# Is there an alternative to convertxtodvd?



## newguy24 (Mar 24, 2011)

I have been using convertXtodvd and my dvds  skip , every two sec they pause...this has been going on for years..hit or miss, sometimes it works other times it doesn't ...i have changed the X rate...x16 to x4 to whatever changed dvd players changed dvd's...now its just happing more then every now and then....98% are avi files and i like how easy convertxtodvd is..... any program like this?? as simple?? but burns better??


----------



## Athlon2K15 (Mar 24, 2011)

what are you converting? or are these just disc to disc?


----------



## newguy24 (Mar 25, 2011)

avi to disc.......


----------



## Mussels (Mar 25, 2011)

newguy24 said:


> I have been using convertXtodvd and my dvds  skip , every two sec they pause...this has been going on for years..hit or miss, sometimes it works other times it doesn't ...i have changed the X rate...x16 to x4 to whatever changed dvd players changed dvd's...now its just happing more then every now and then....98% are avi files and i like how easy convertxtodvd is..... any program like this?? as simple?? but burns better??

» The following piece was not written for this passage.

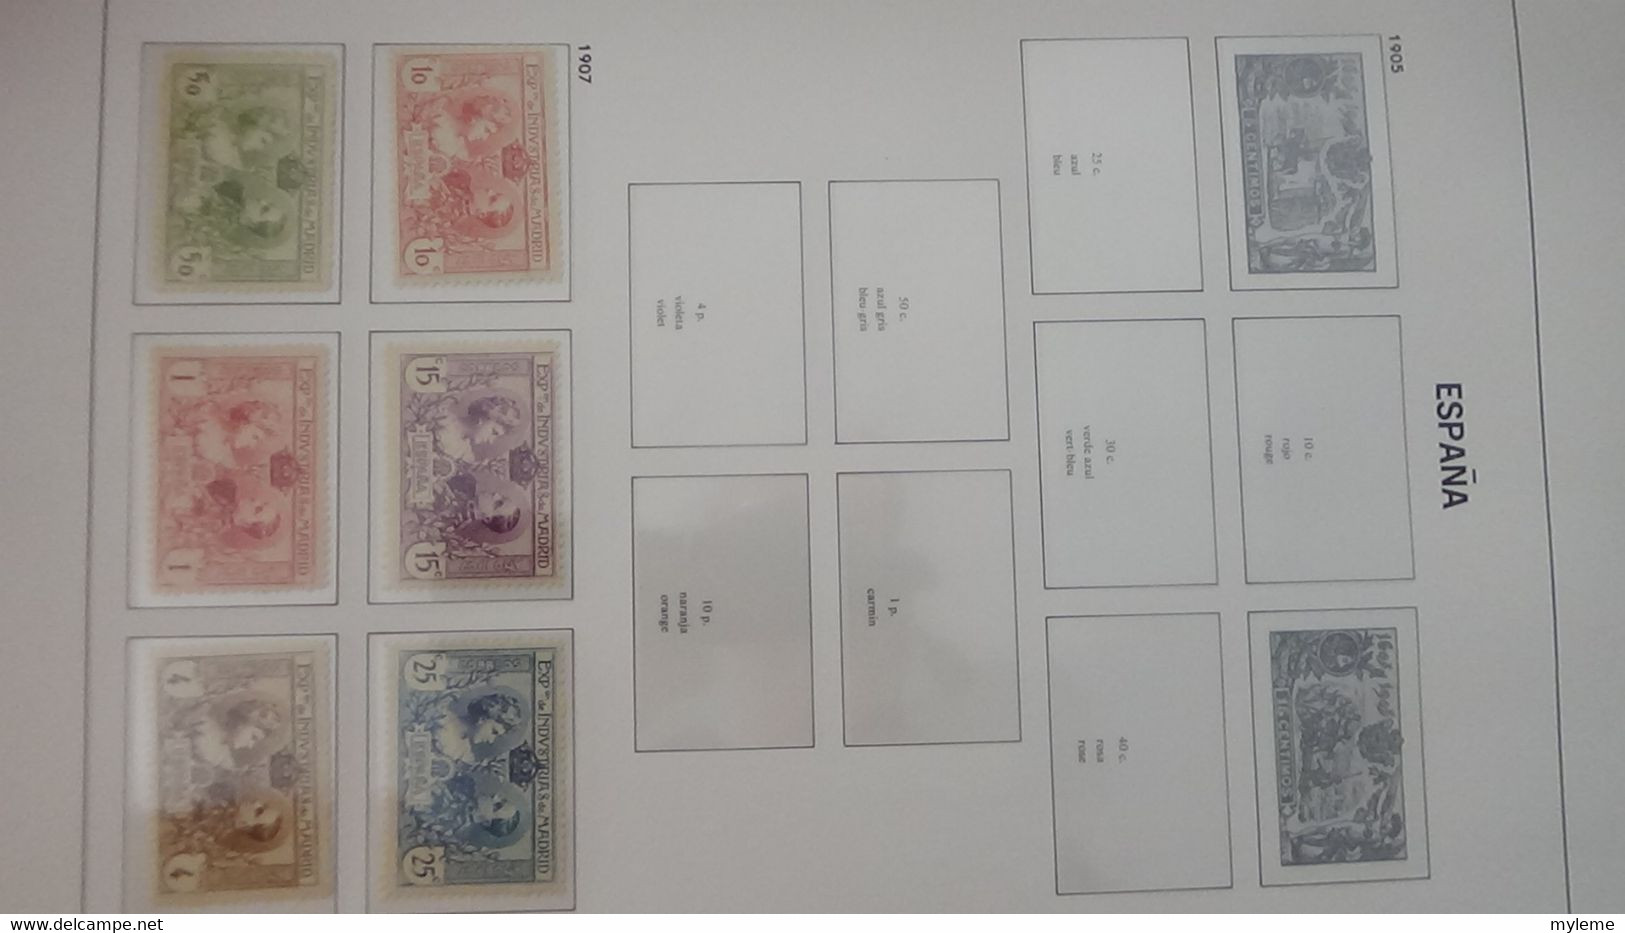 AC280 Reliure DAVO Espagne en timbres **, * et oblitérés  de 1850 à 1940 à compléter.. A saisir !!!

freemake video converter. works well for me.


----------



## newguy24 (Mar 25, 2011)

ill check it out, anyone knows any thing better?? i will purchase it if need be....


----------



## dank1983man420 (Mar 25, 2011)

seen this on the giveaway of the day webpage today.   Not sure how well it is as I've never used it, but I thought I'd toss it out there and hope someone else has used it so they can comment on ithttp://www.giveawayoftheday.com//


----------



## mastrdrver (Mar 31, 2011)

DVDvideosoft

That is the link to the entire suite. Really, really easy to use and I know it works fwiw. It uses some elements of Handbrake (free part) in case you want to use something with more tweaking ability. Did not have any problems skipping either. Used it to convert a .mov file to the ts folders to play on a dvd.


----------



## Melvis (Mar 31, 2011)

Odd i use convertXtoDVD for yrs now and never had any of those issues u speak of.

I have went and tried MANY other programs and none came close to CX2D for speed wise and quality. To convert a whole movie to dvd in under 15mins is awesome.

I will have to try some of the others that have been mentioned here i have not tried those out yet. 

Also what is your settings for the quality of out come? i changed mine to linear i think it is?


----------